Set deadlines, both when conducting initial research and revising papers. Go to research meetings and conferences to network and obtain research ideas. Be persistent, but do not be foolish. Know when to submit a research paper, and when to abandon a project.

Form is important: check references, tables, grammar. Write in a scientific manner. Beware of ‘hot topics’ but your research needs to be timely and relevant. Write your abstract, introduction and conclusions sections last. Or write a quick draft of the introduction and move on to the rest of the paper.

Be focused and write your paper simply. You should strive to write in such a way that most readers agree on the main points of your paper. Know how to respond to reviewers and editors. Do what you can to satisfy their concerns. Don’t argue with reviewers/editor and don’t do ‘new things’ they did not ask.

Do not adopt the ‘24 hour rule,’ sending a paper to another journal a day after it is rejected. Carefully consider the reviewers’ and editor’s comments before submitting your paper to a different journal. Reviewers make at least some valuable comments. There is also a non-trivial chance that you encounter the same reviewer at the ‘next’ journal.

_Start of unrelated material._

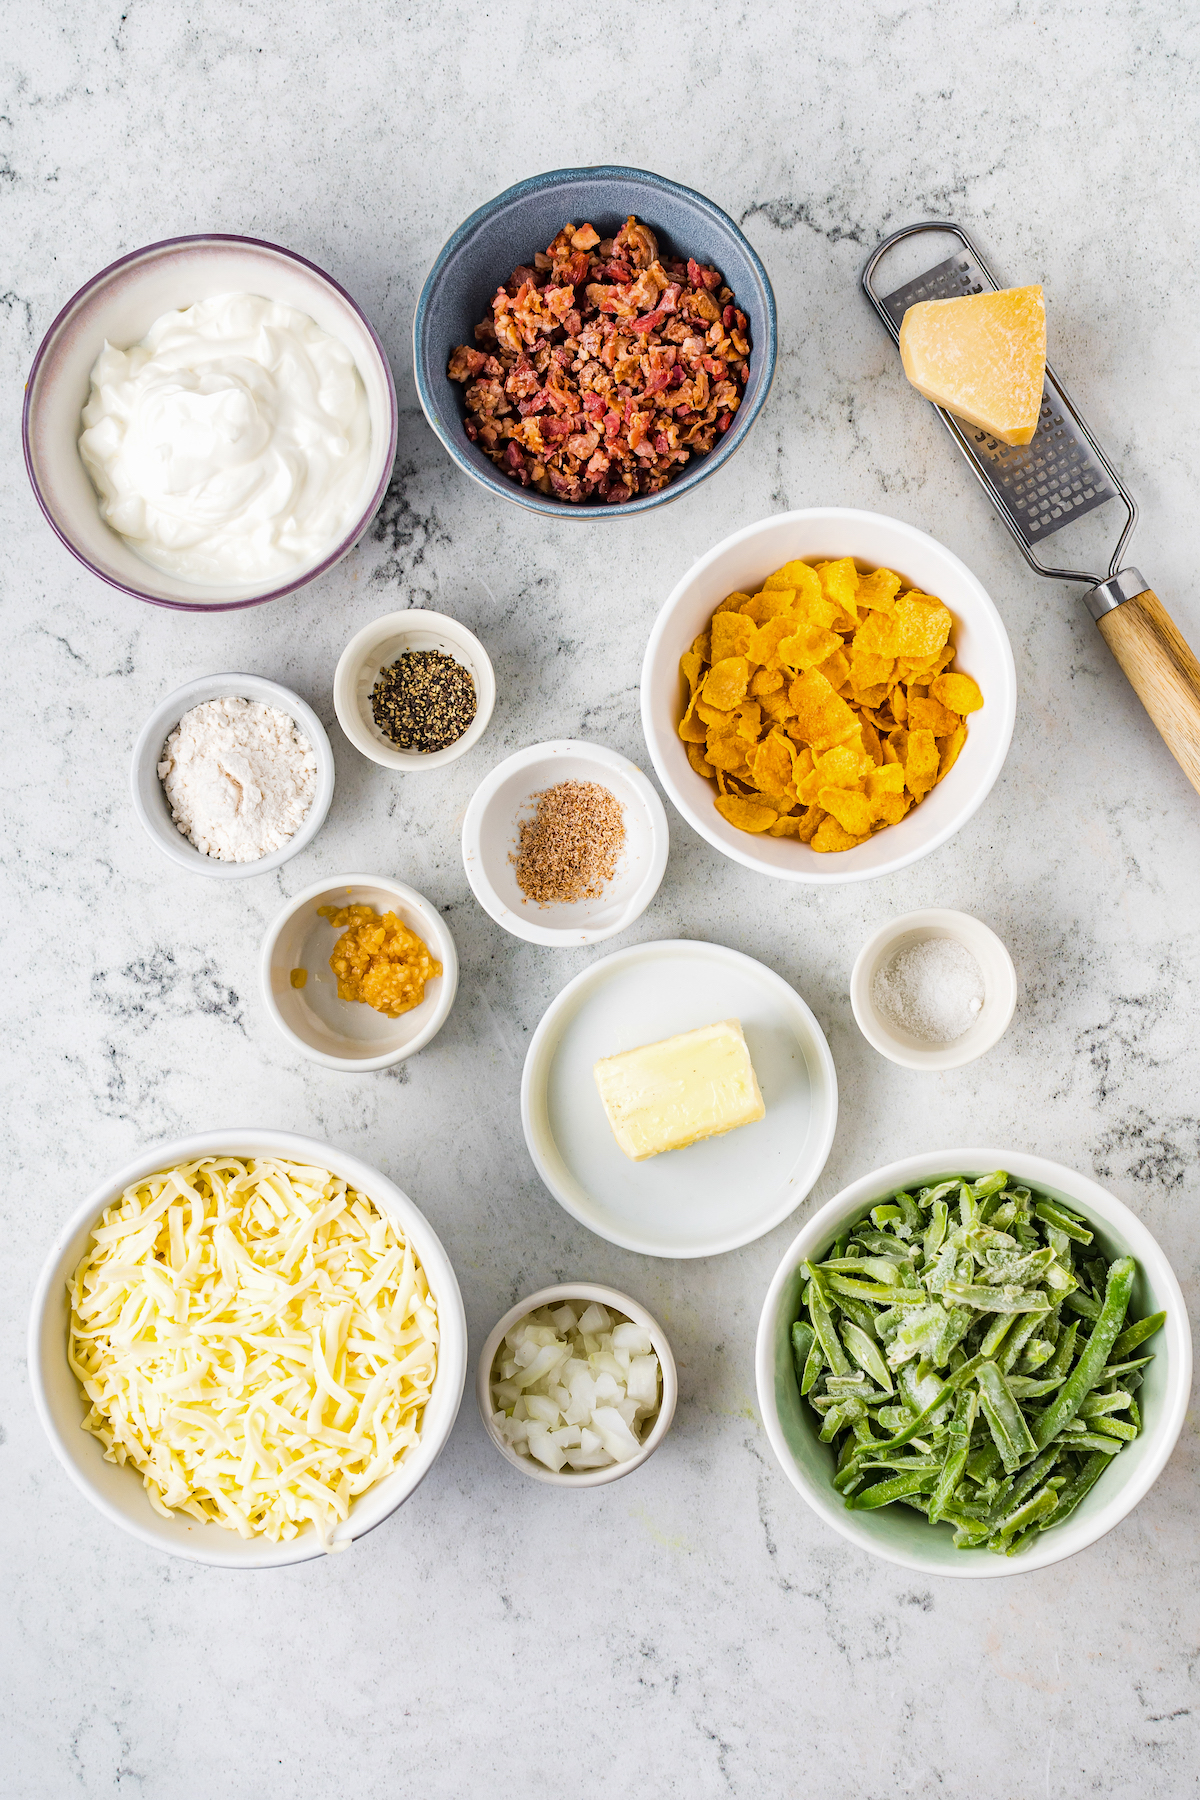 From top left: Sour cream, bacon bits, Parmesan cheese, flour, pepper, nutmeg, cornflakes, garlic, butter, salt, shredded cheese, diced onion, frozen green beans.

Do not write much of your paper before obtaining some results. Similarly, do not obtain lots of results before starting to write your paper. Writing the paper will help you determine what additional results to procure. Obtaining results will help you determine how to write the paper.

Do not begin revising your paper until you have read the reviewer/editor reports several times on different days. When revising a paper for resubmission, write an initial response to the reviewers/editor before starting a rewrite or undertaking additional empirical work. Have a thick skin, a hard head and a short memory.